The disenchantment of modern cultures which Max Weber attributes to the progress of materialist and reductionist accounts of nature, especially of human nature, has led to banishment of old gods as more and more problems fall to scientific analysis. In its wake, there has been a loss of the sense intrinsic value and meaning in human endeavors, notably of the scientific enterprise itself.
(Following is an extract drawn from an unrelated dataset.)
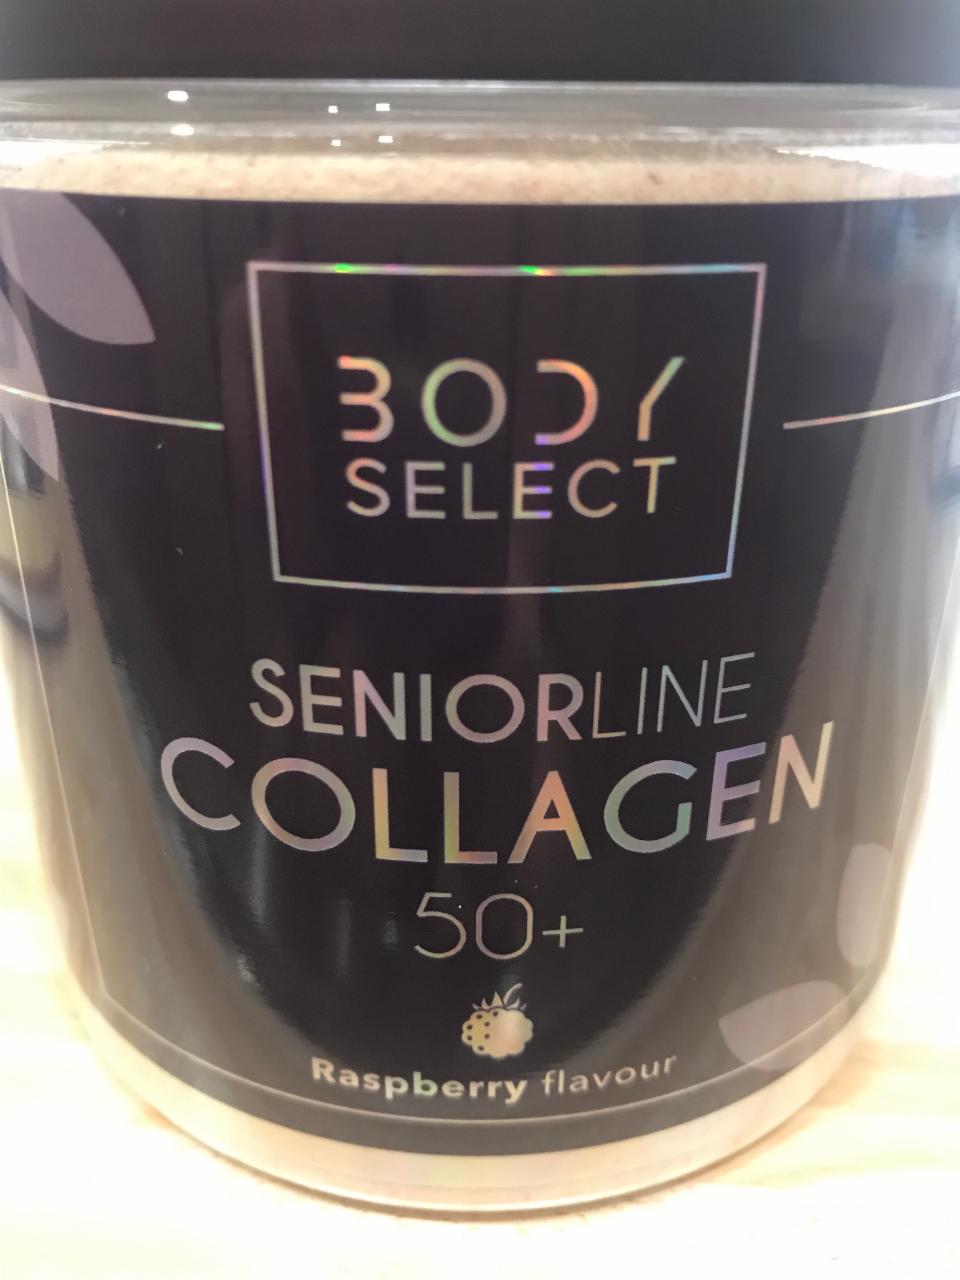 Képek - Seniorline collagen málna ízű Body Select

Ever since the perceived failure of Cartesian dualism, this process of disenchantment has been carried out in the philosophy of mind as the continuing quest to offer a reductionist, materialist account of conscious cognitive states, especially perceptual states, as they are most clearly dependent on the physical state of sense organs.
Instead of seeking to explain mental states as mere properties of the material constitution of an organism (i.e., brains and nervous system of higher animals), the most popular theories in the philosophy of mind focus on the functions which mental states perform in the life of an organism, and on the organization of the matter which allows the mental states to play this functional role. Theorists have seen in this approach an affinity to the central place Aristotle gives to form over matter, and to his defining capacities in terms of their functional realization. While certainly similarities exist between contemporary theories of mind and Aristotle’s views on perception, the contemporary theories are fundamentally at odds with Aristotle’s understanding of perception. Aristotle’s insights into the actual nature of perceptual activity are nevertheless valuable precisely for illuminating these limitations of current theories, and for suggesting ways of overcoming some difficulties.
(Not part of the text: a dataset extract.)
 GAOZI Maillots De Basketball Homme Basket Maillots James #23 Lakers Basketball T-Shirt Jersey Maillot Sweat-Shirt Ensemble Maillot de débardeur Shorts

Specifically, Aristotle makes a distinction between immanent activity (energeia), an activity uniquely characteristic of cognitive states, and transient alteration (alloiosis), the processes which are the objects of a purely physical investigation This distinction allows him to elucidate an account of two features of conscious states which has so far been recalcitrant in their resistance to materialist reduction: intentionality and the subjective qualitative “feel,” i.e., the qualia, of perceptual states. Precisely as a kind of activity distinct from material alteration wherein a substance takes on the qualities of what affects it in becoming like it, Aristotle’s elaboration on the nature of energeia gives insight into cognitive identity in terms of a conformity to its object. Reclaiming the non-reductionist features of Aristotle’s energeia thereby conceptually safeguards intentionality. It also provides a framework in which to situate the subjective qualia which are essential and ineliminable from perceptual experience.
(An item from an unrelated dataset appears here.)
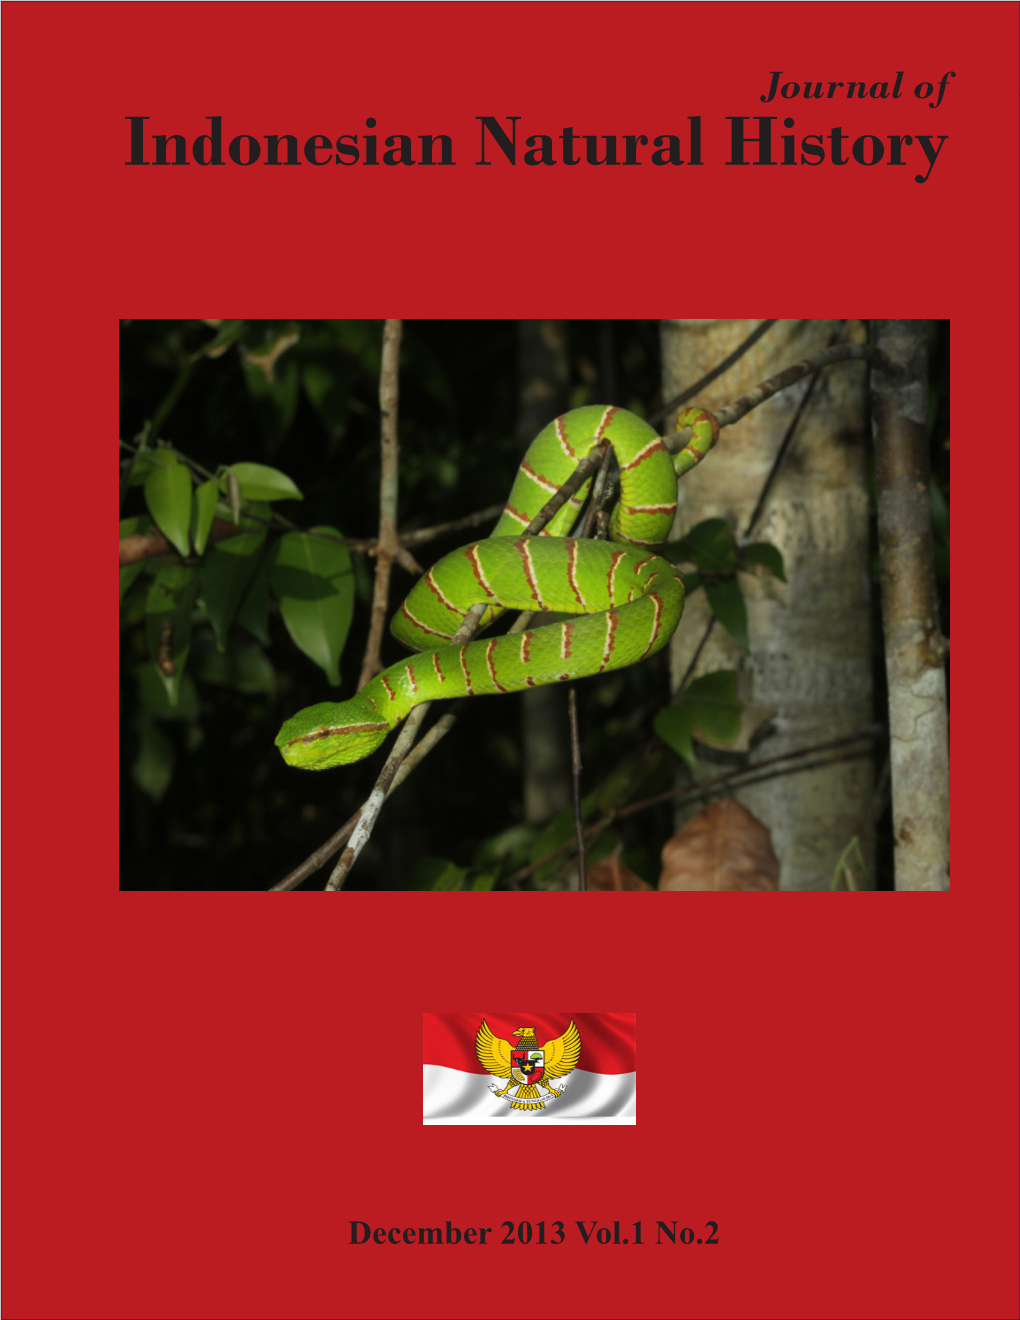 December 2013 Vol.1 No.2 Journal of Indonesian Natural History Editors Dr

Despite the illumination Aristotle’s insights give, there is however left dangling the precise relation between physical alteration and the perceptual activity. For while the latter cannot be reduced to the former, physical alterations nevertheless can impede them and so are necessary for perceptual activity. Notwithstanding this avenue in need of further exploration, the fundamental enchanted features of intentionality and subjectivity within perceptual states cannot be banished from our understanding of cognition. Instead, these fruitfully can be explored in illuminating ways through Aristotle’s immanent activity.